Am ehemaligen Reden-Kanal auf der südlichen Seite des Tagebaues erstreckte sich ursprünglich ein geheimes, weit verzweigtes Tunnelsystem. Der erste DDR-Regierungsbunker mit dem Codenamen “Taube”. In der 200 Räumen umfassenden Anlage sollte die damaligen DDR-Funktionäre im Ernstfall agieren und überleben.

Mit der Trockenlegung des Heinitzsees 1979 und der Erweiterung des Tagesbaues wurde das Projekt Taube schließlich eingestellt. In einer streng geheimen Nacht und Nebelaktion mit Hunderten von Lastkraftwagen wurde das Objekt schlussendlich geräumt. Neue Bunker für die Staatssekretäre entstanden in der Folge in Harnekop, Prenden und anderswo.

Ofen im Inneren der Schachtofenbatterie

Virtuelle Welten

Mein frühes Aufbrechen und die Tatsache, den heißesten Tag dieser Woche erwischt zu haben, wurde mit einem fast menschenleeren Park belohnt. An der ca. 1,5 km entfernten Schachtofenbatterie dann aber doch eine kleine Gruppe von Menschen. Zuerst nahm ich dies gar nicht wahr und drehte meine Runden auf und um die Schachtofenbatterie. Auffällig waren nur die ganzen Drohnen, die ständig um mich herum schwirrten.

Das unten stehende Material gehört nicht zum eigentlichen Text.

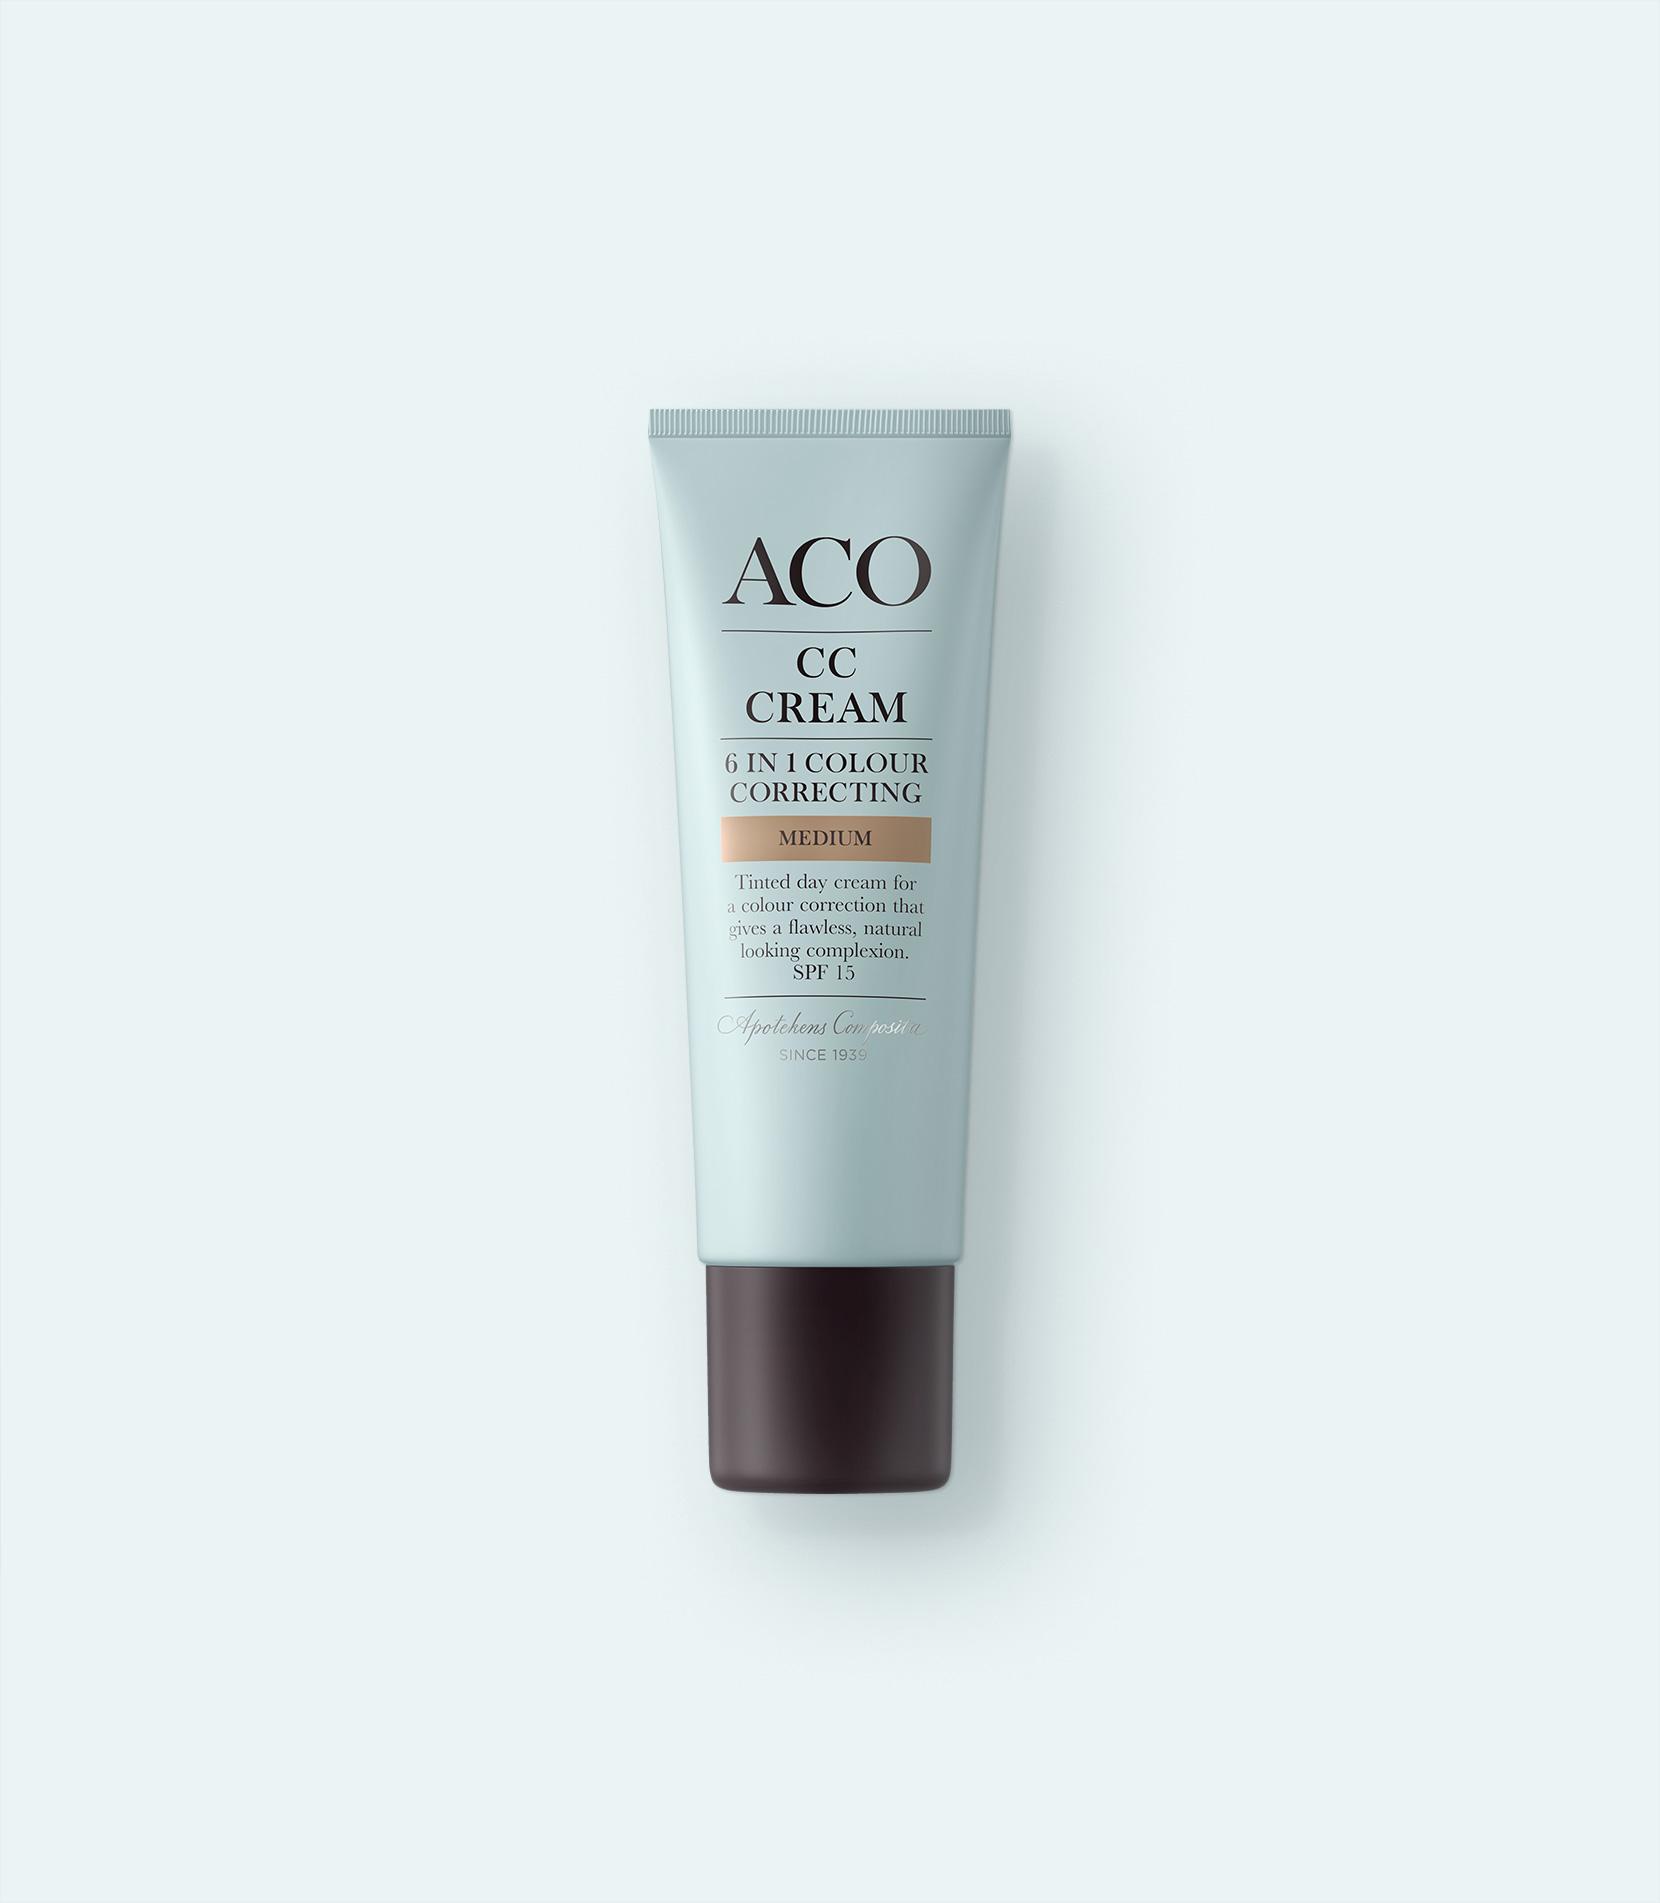 aco cc cream medium

Auf der oberen Galerie sprach ich dann einen jungen Mann an, was es damit auf sich hätte. Die Antworten brachten mich zum Staunen. Es stellte sich heraus, dass die Gruppe ein Forschungsteam einer geologischen Abteilung der Universität war. Das eigentliche Projekt, was sie allerdings bereits am Vortag erledigt hatten, war die Kartierung der Tagesbaues via Luftaufnahmen. Aus diesen sollte dann ein realistisches 3D Modell zu Forschungszwecken realisiert werden.

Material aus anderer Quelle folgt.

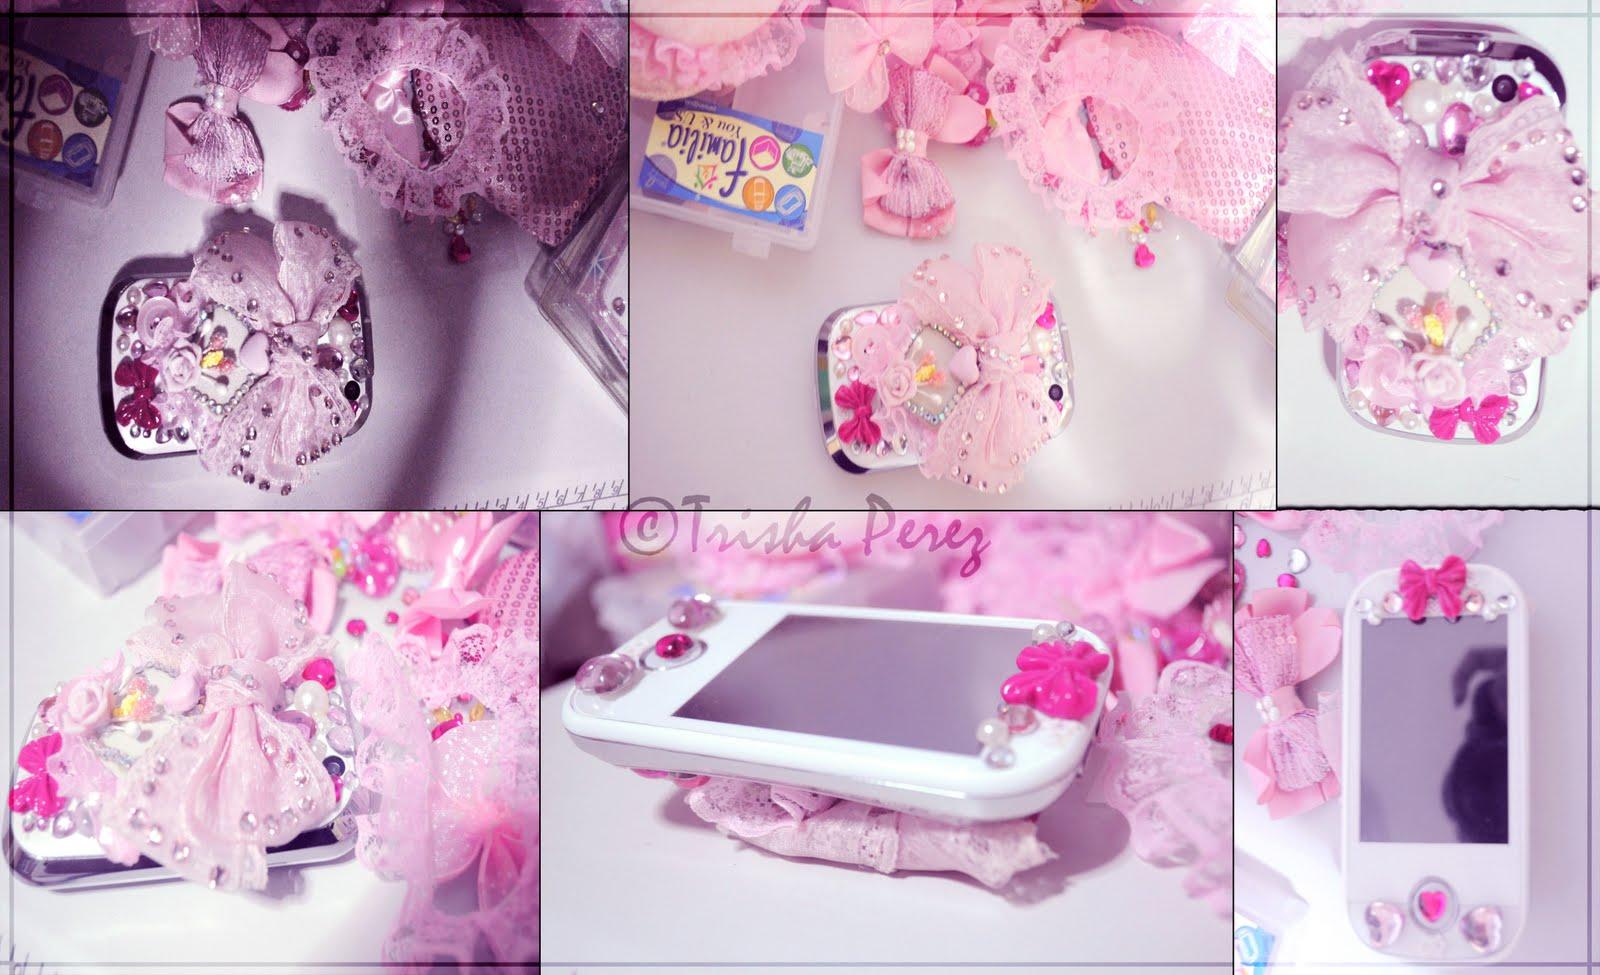 http://2.bp.blogspot.com/-l9YTVvlR3M8/TnIg8rQkfVI/AAAAAAAAAOA/SBpV_guA4M0/s1600/decora%2Bphone.jpg

Auf der oberen Ebene der Schachtofenbatterie

Die Schachtofenbatterie war das kleine Nebenprojekt im Rahmen dieser Arbeit und der Versuch, auch aus diesem alten Gebäude eine bleibende, begehbare 3D-Animation zu kreieren. Eine originalgetreue Abbildung des historischen Bauwerks, digital erhalten für die Nachwelt.

Unterm Strich…

…war es wieder einmal ein aufregender Photo-Walk und ein schöner Abschluss meiner diesjährigen Bullitour. Der heiße Tag machte sich bezahlt, ich hatte die Motive fast für mich allein. Und das in einem Museumspark am Wochenende!? Na egal, am frühen Nachmittag suchte ich mir bereits ein schön schattigen Plätzchen und sichtete die gesamte Bilderstrecke. Hat man auch nicht immer…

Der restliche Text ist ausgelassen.